REPUBLIKA.CO.ID,JAKARTA -- Tak ada dikotomi dalam konstitusi Indonesia soal iman dan pengetahuan. Iman dijunjung sebagai pijakan pengetahuan.
Mengawali seminar bertajuk 'Peran Perguruan Tinggi dalam Penguatan Pemikiran Islam Moderat' di Universitas Al-Azhar Indonesia, Senin (14/7), Wakil Ketua MPR Hidayat Nur Wahid (HNW) menjelaskan, Indonesia tidak hanya besar populasi Muslimnya, tapi juga terbanyak pesantren, sekolah, dan perguruan tinggi Islamnya di dunia. Di sisi lain, masih ada tugas untuk menjadikan yang terbanyak ini juga terbaik.
Dalam konstitusi Indonesia, pendidikan tidak didikotomi dan sekuleristik. Hanya di Indonesia yang sekolahnya bisa menyatukan agama dan pengetahuan. Bahwa Indonesia menyelenggarakan pendidikan untuk membentuk manusia bertakwa, baru kemudian mencerdaskan kehidupan bangsa. ''Kecerdasan jadi fase lanjutan setelah ketakwaan,'' kata Hidayat.
Juga dalam konstitusi Indonesia, pada Undang-Undang Dasar pasal 31, Indonesia mendorong kemajuan iptek dengan menjunjung tinggi nilai agama. Hanya di Indonesia juga 20 persen APBN untuk pendidikan.
''Iman dan pengetuan tidak saling menegasi, tapi saling mendukung,'' ungkap Hidayat.
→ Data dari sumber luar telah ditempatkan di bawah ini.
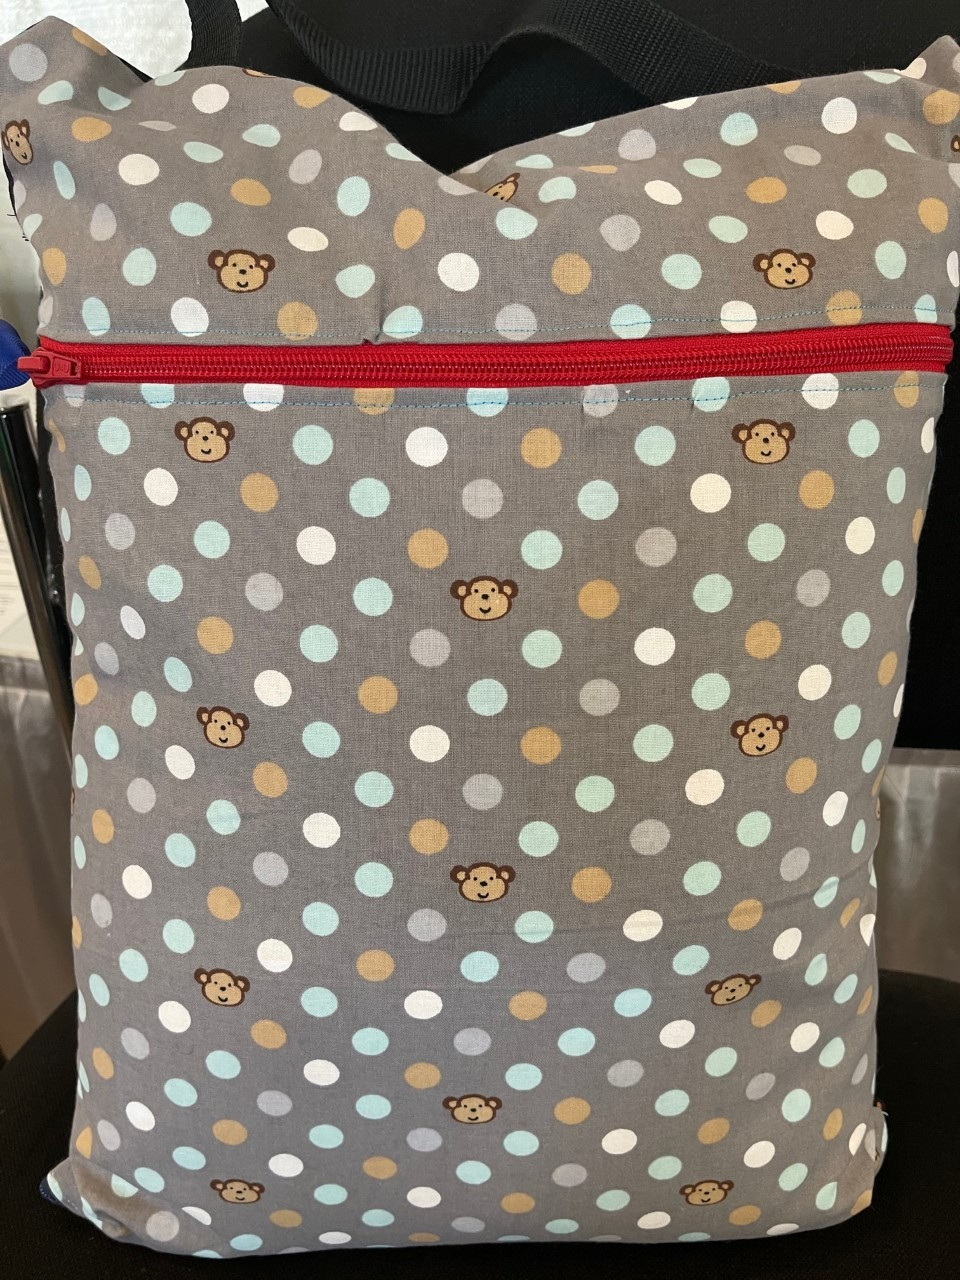 Monkey Print Pillow with zippered pouch. Approx. 14" x 10"

Karena itu, ia mengapresiasi program 5.000 doktor ilmu Islam oleh Kementerian Agama dan rencana pendirian Universitas Islam Internasional di Indonesia.
Hidayat juga mengapresiasi insiatif Rabitah Alam Al-Islami untuk melahirkan SDM moderat yang tidak anti iptek tanpa jadi atheis dan menjauhi agama.